A self-assembling protein nanocage
June 10, 2014
University of Washington (UW) scientists have developed a new computational method for building new customized proteins that self-assemble (like biological systems) to revolutionize things like targeted delivery of drugs, vaccine development, and even electronic devices.
The work is based in the Rosetta macromolecular modeling package, which was developed by David Baker’s laboratory at the UW Institute for Protein Design, in collaboration with colleagues at UCLA and Janelia Farm.
The program was originally created to predict natural protein structures from amino acid sequences. Researchers are increasingly using Rosetta to design new protein structures and sequences aimed at solving real-world problems.
Reporting in the June 5 issue of Nature, the researchers describe the development and application of new Rosetta software enabling the design of novel protein nanomaterials composed of multiple copies of distinct protein subunits, which arrange themselves into higher order, symmetrical architectures.
A cage for delivering anti-cancer drugs
With the new software, the scientists were able to create five novel, 24-subunit cage-like protein nanomaterials. Importantly, the actual structures, the researchers observed, were in very close agreement with their computer modeling.
Their method depends on encoding pairs of protein amino acid sequences with the information needed to direct molecular assembly through protein-protein interfaces.
The interfaces not only provide the energetic forces that drive the assembly process, they also precisely orient the pairs of protein building blocks with the geometry required to yield the desired cage-like symmetric architectures.
Creating this cage-shaped protein, the scientists said, may be a first step towards building nanoscale containers.
According to UW translational investigator Neil King, who leads the new research, he looks forward to a time when cancer-drug molecules will be packaged inside of designed nanocages and delivered directly to tumor cells, sparing healthy cells.
(See previous KurzweilAI coverage of anti-cancer drug-delivery research here.)
The scientists note that combining just two types of symmetry elements, as in this study, can in theory give rise to a range of symmetrical shapes, such as cubic point groups, helices, layers, and crystals.
King explained that the immune system responds to repetitive, symmetric patterns, such as those on the surface of a virus or disease bacteria. Building nano-decoys may be a way train the immune system to attack certain types of pathogens.
From vaccines to clean energy
“This concept may become the foundation for vaccines based on engineered nanomaterials,” King said. Further down the road, he and Bale anticipate that these design methods can also be used for developing new clean-energy technologies.
The scientists added in their report, “The precise control over interface geometry offered by our method enables the design of two-component protein nanomaterials with diverse nanoscale features, such as surfaces, pores, and internal volumes, with high accuracy.”
They said the combinations possible with two-component materials greatly expand the number and variety of potential nanomaterials that could be designed. It may even may be possible to produce nanomaterials in a variety of sizes, shapes and arrangements, and also move on to construct increasingly more complex materials from more than two components, and even be programmable, they said.

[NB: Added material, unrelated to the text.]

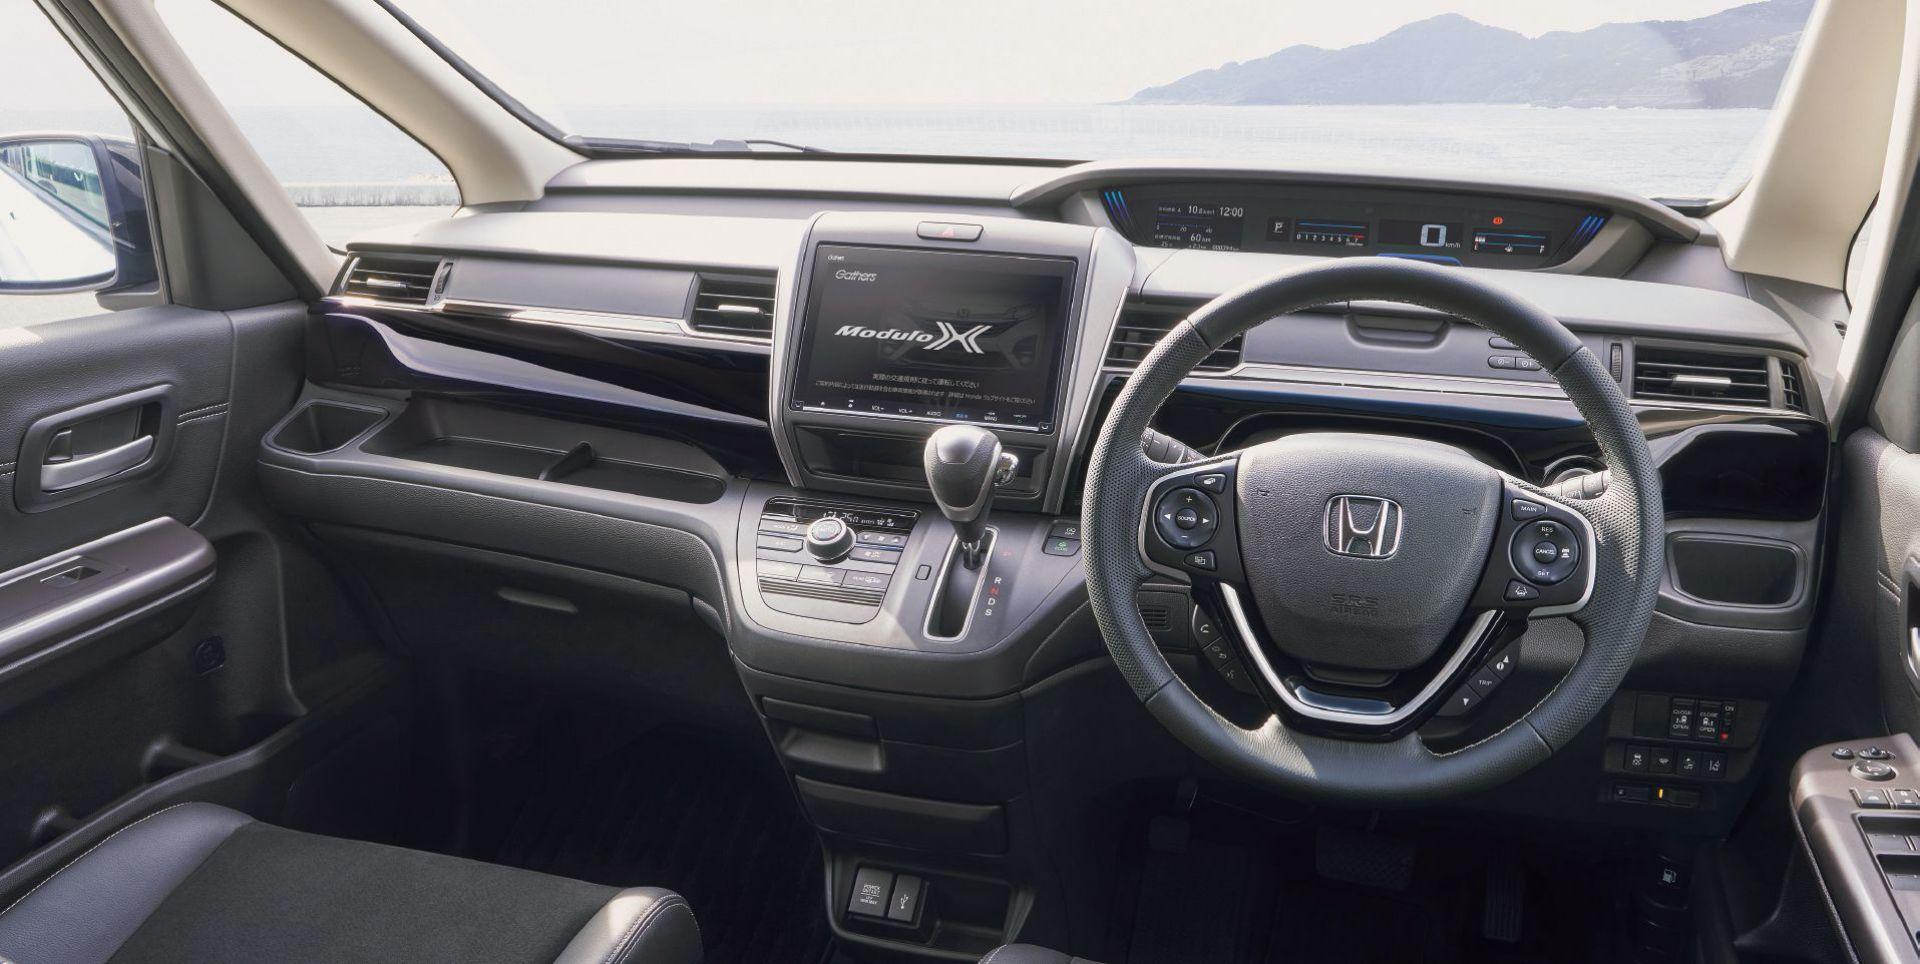 Honda-Freed-Modulo-X-Facelift-2020-42

This project was supported with funding from the Howard Hughes Medical Institute, the National Science Foundation, the International Vaccine Initiative, the U.S. Air Force Office of Scientific Research, and the U.S. Department of Energy.
Abstract of Nature paper
The self-assembly of proteins into highly ordered nanoscale architectures is a hallmark of biological systems. The sophisticated functions of these molecular machines have inspired the development of methods to engineer self-assembling protein nanostructures; however, the design of multi-component protein nanomaterials with high accuracy remains an outstanding challenge. Here we report a computational method for designing protein nanomaterials in which multiple copies of two distinct subunits co-assemble into a specific architecture. We use the method to design five 24-subunit cage-like protein nanomaterials in two distinct symmetric architectures and experimentally demonstrate that their structures are in close agreement with the computational design models. The accuracy of the method and the number and variety of two-component materials that it makes accessible suggest a route to the construction of functional protein nanomaterials tailored to specific applications.